Le prochain sommet des Brics (Brésil, Russie, Inde, Chine et Afrique du Sud), qui doit se tenir la semaine prochaine à Washington et où se discuteront les éventuels soutiens à la zone euro, est un signe de ce changement d’époque. C’est auprès des puissances émergentes que l’on trouve aujourd’hui des capitaux. Guido Mantega, le ministre des finances du Brésil, a annoncé que la crise de la zone euro est "à l’ordre du jour".

C’est le monde à l’envers. Le Brésil et la Russie qui hier étaient synonymes de "défaut de paiement" entrent aujourd’hui avec la Chine dans la liste des potentiels “chevaliers blancs”. Pourvu qu’ils veulent bien jouer ce rôle et que les contreparties que nous leur offrons soient à leur gré.

Conseil ecofin

Les Américains débarquent

"Les Européens étant incapables de venir à bout de la crise de la zone euro qui dure depuis presque deux ans, la planète se mobilise pour essayer de leur venir en aide", écrit dans Libération Jean Quatremer.

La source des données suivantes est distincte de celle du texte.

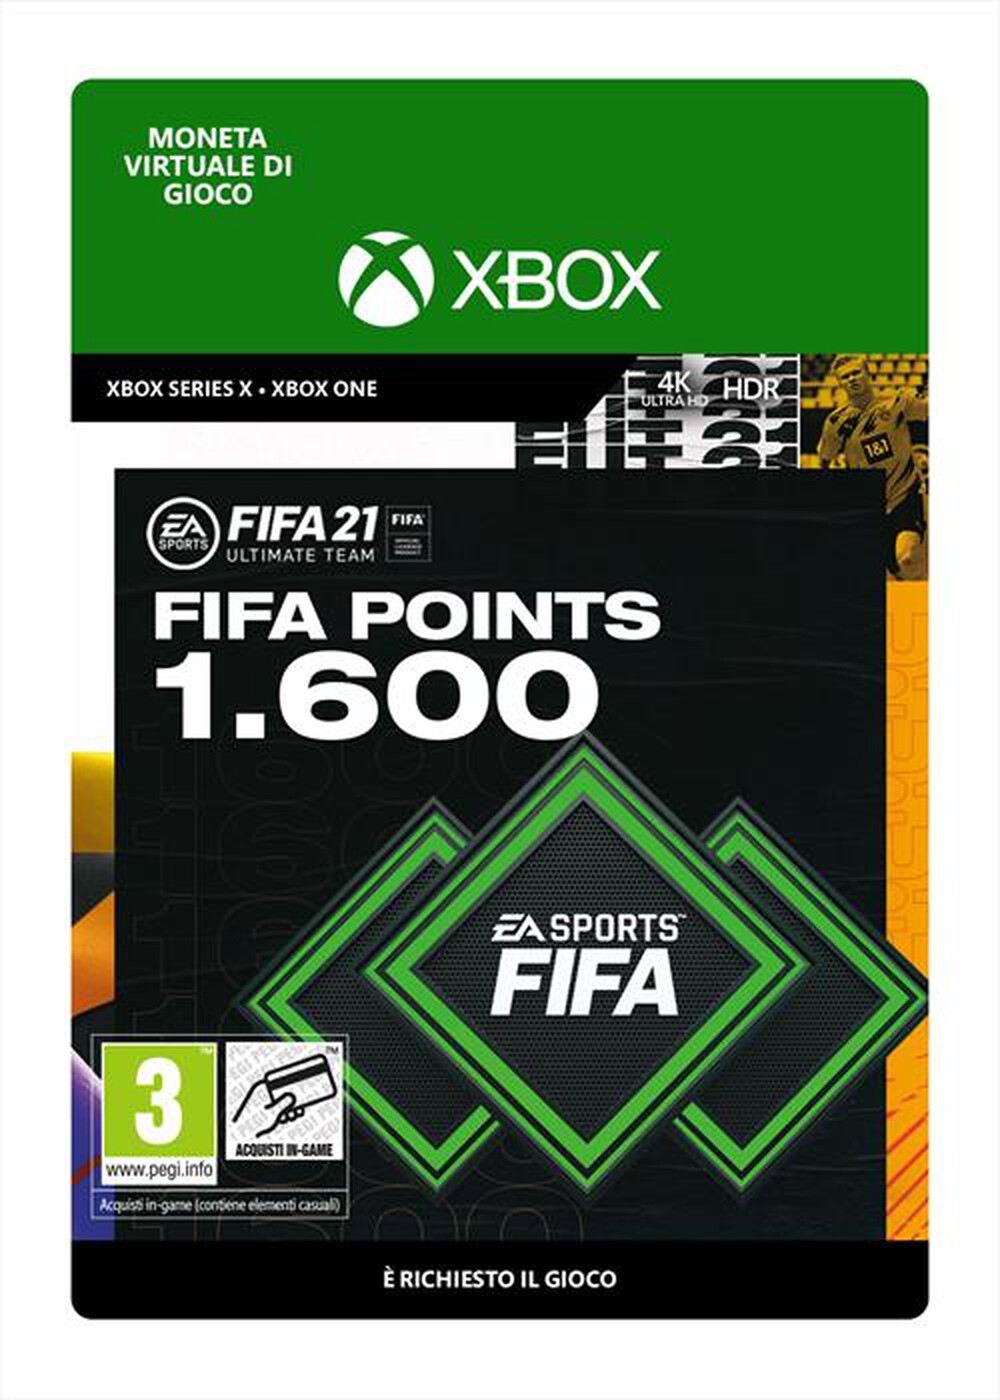 "MICROSOFT - FIFA 21 Ultimate Team 1600 Points"
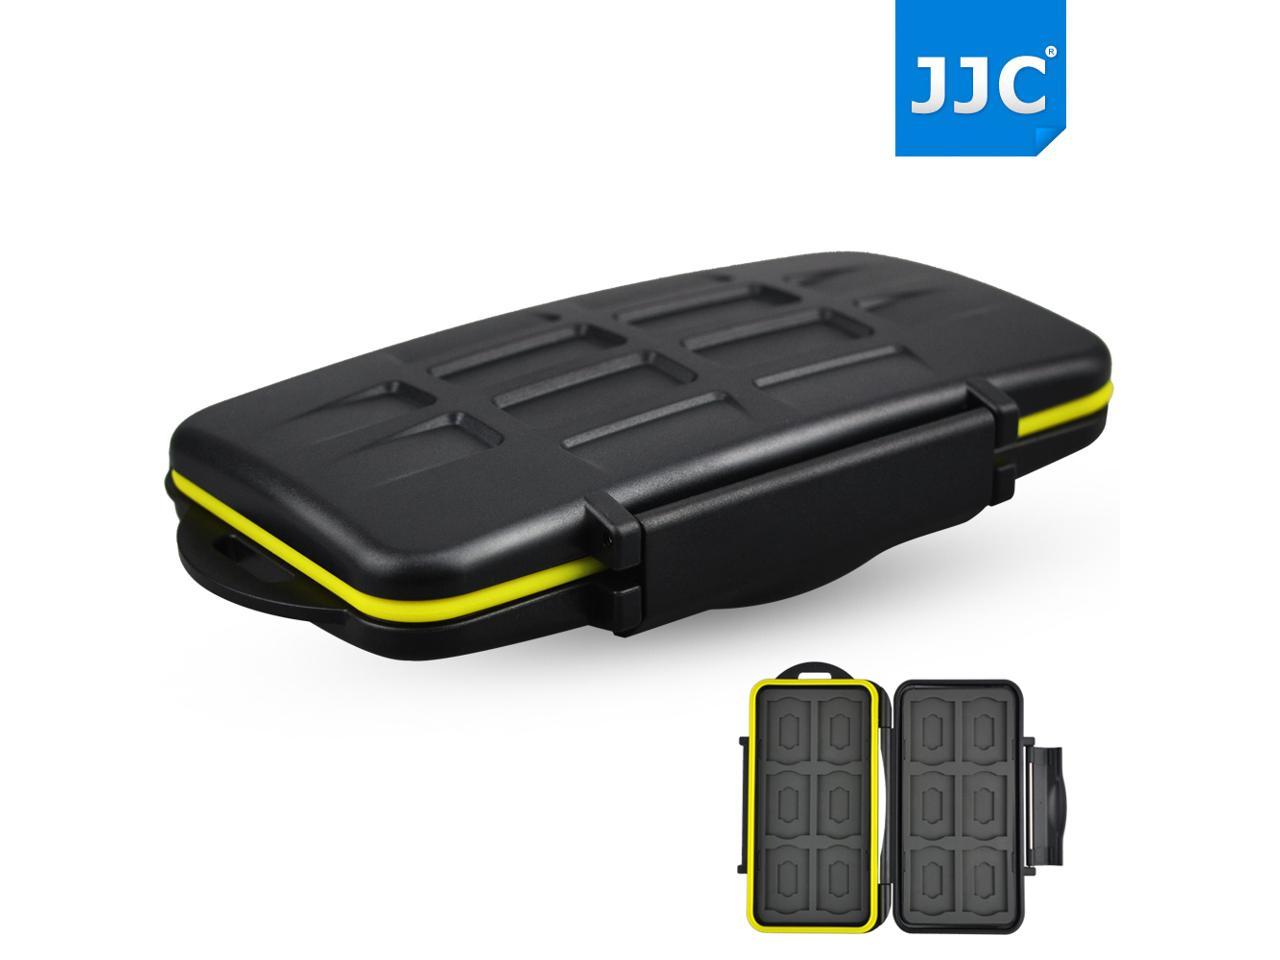 JJC Water-resistant Shockproof SD Card Holder Storage Camera Memory Card Bag Case Protector Cover For 12 SD+12 Micro SD Cards

Selon le correspondant du quotidien à Bruxelles, "chacun est conscient qu'un effondrement de la monnaie de la seconde puissance économique mondiale aurait des effets dévastateurs, non seulement pour l'Union, mais pour le reste de la planète." Et tandis que les dirigeants européens restent empêtrés dans leurs divisions, les Etats-Unis, la Chine et les BRICS (Brésil, Russie, Inde, Chine et Afrique du Sud) ont fait savoir qu'ils étaient prêts à venir à la rescousse. "Le geste le plus spectaculaire revient aux Etats-Unis : le secrétaire au Trésor, Timothy Geithner, se rendra vendredi [16 septembre] à Wroclaw, en Pologne", à la réunion informelle des ministres des Finances de la zone euro. "C'est la première fois qu'un responsable étranger assistera à une réunion européenne, ce qui montre que les Américains doutent de la capacité des Européens à se mettre d'accord seuls", précise Quatremer.